Investment Manager Commentary
The focus during 2017 was relatively simple – firstly, to reduce
future risk of capex/voids and to reduce exposure to retail
warehousing, which we feel is going to continue to face headwinds.
Secondly, we wanted to control the void level and secure
future income at risk from lease expiry and void. The year ahead is
likely to have a similar theme, although we have more or less
completed the portfolio rebalancing, with the main focus being on
maintaining and growing the income stream.
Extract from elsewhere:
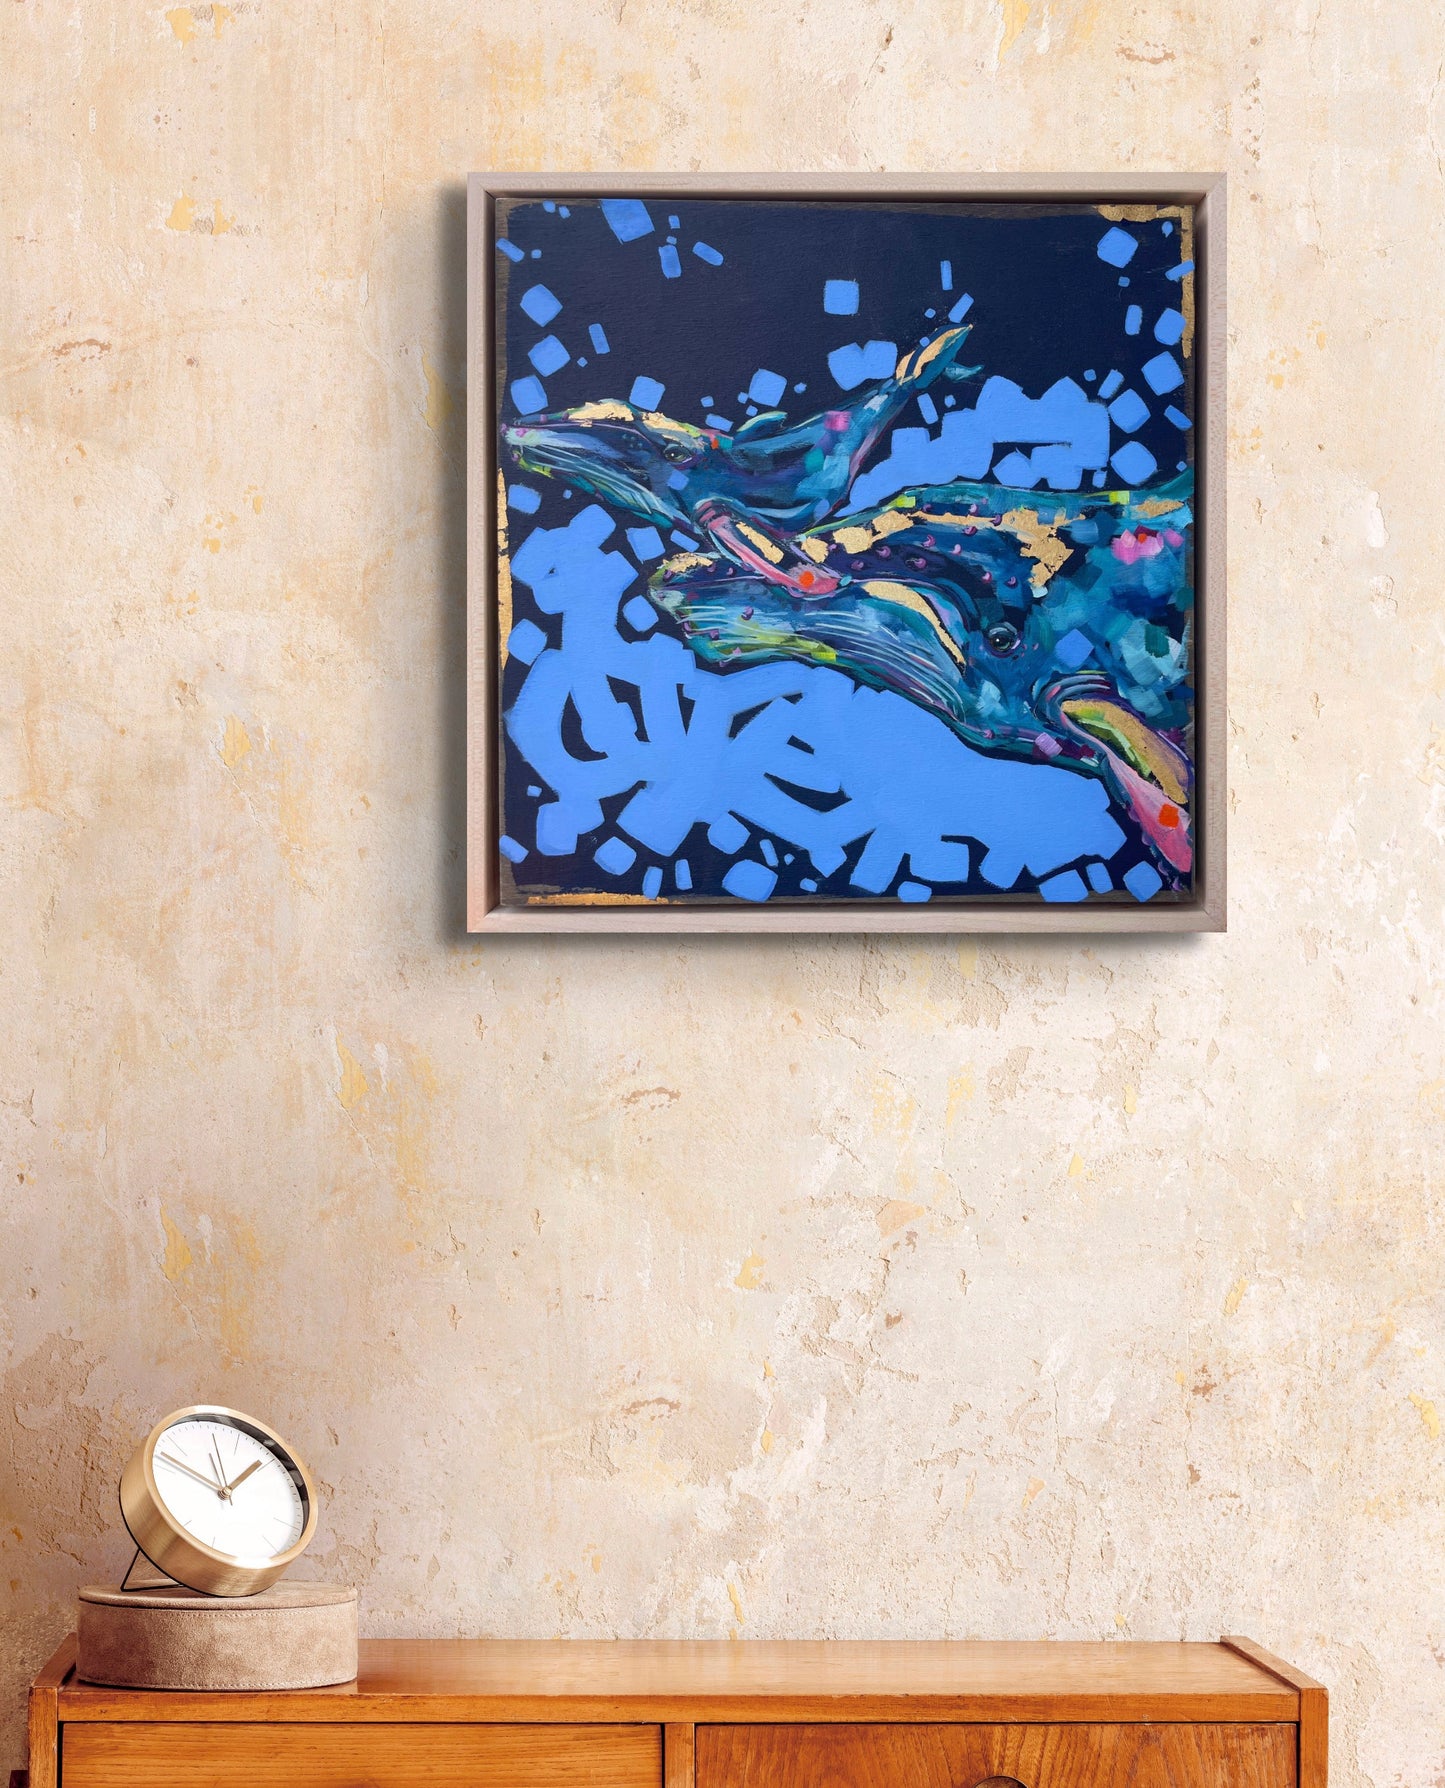 Oil painting of abstract whales in blue shades with gold leaf detail titled 'Everything Whale be Okay' by Shaney Watters in situ
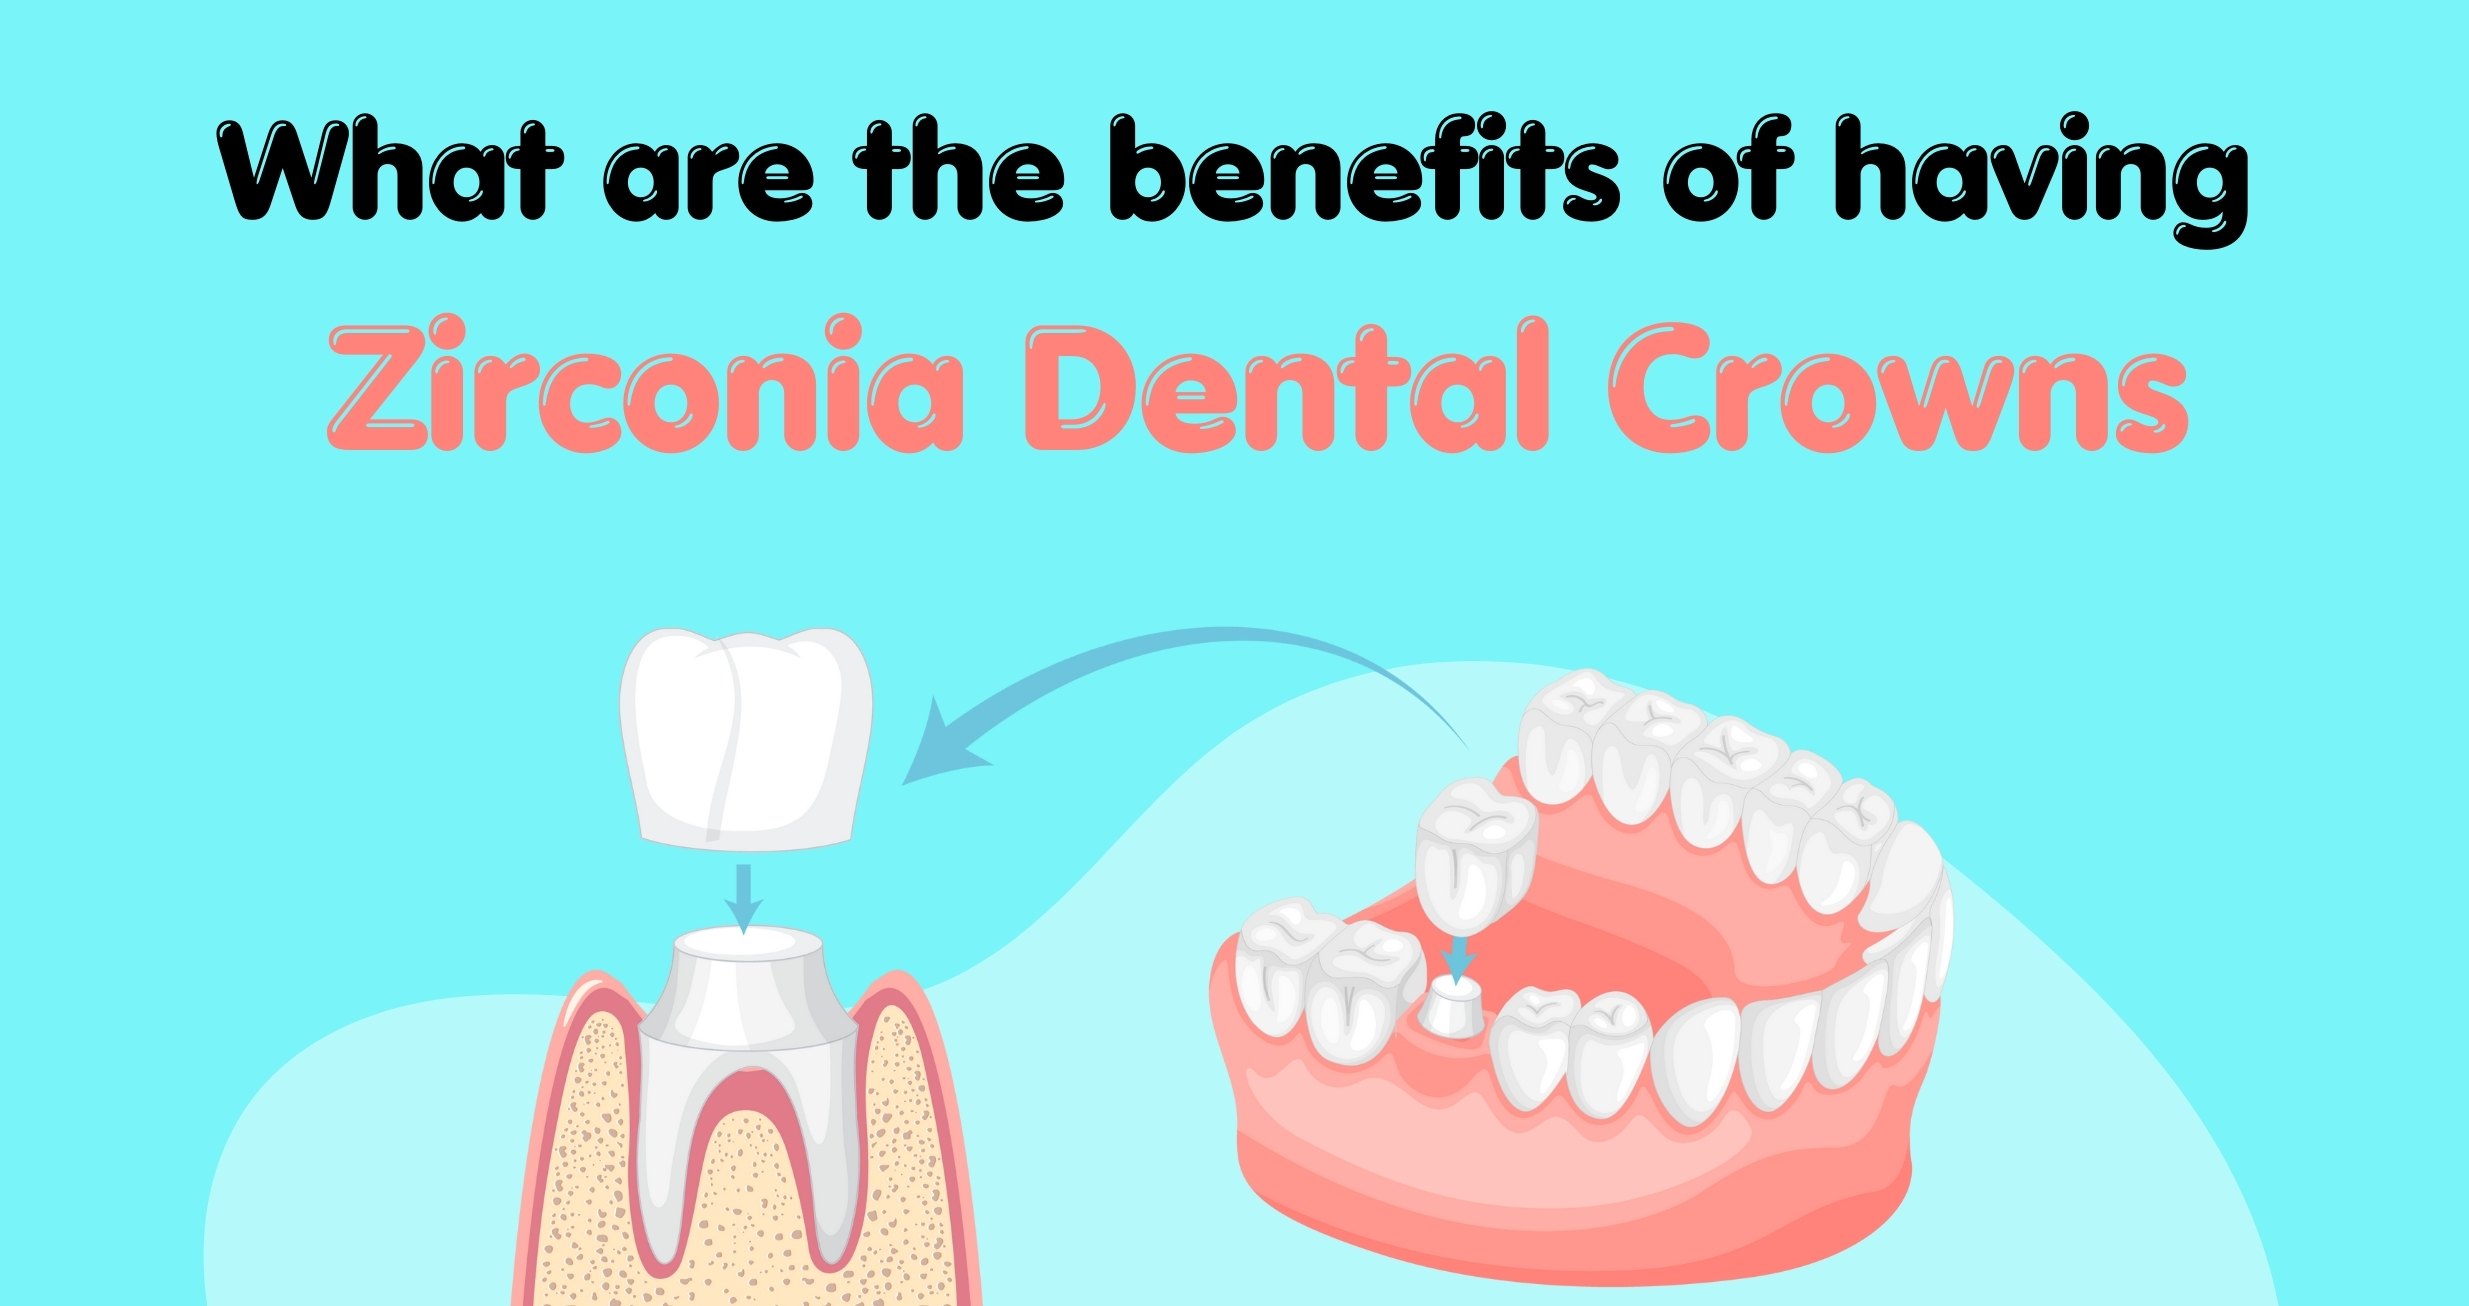 What Are The Benefits Of Having Zirconia Dental Crowns?

Whilst 2017 surprised with the extent of capital growth (5.4%),
we remain cautious on the outlook for 2018. Initial indications are
that tenant interest in industrial and office property remains
relatively strong, however the prospect of mixed news on Brexit,
and a slowing economy, means that we want to continue to focus on
reducing voids. We completed several lease renewals in Q4
2017 and an agreement for lease on our largest void in January 2018. We are encouraged by the number of
viewings on our largest remaining void – a logistics unit in
Oldham - and although we are aware
of several future voids over the course of 2018, early interest in
them is also encouraging.
The last quarter of 2017 and the first weeks of 2018 saw
continued rebalancing of the portfolio, rotating out of retail
warehouse units that had future risk (Preston was over-rented and planning had
recently been granted for a new park on the opposite side of town)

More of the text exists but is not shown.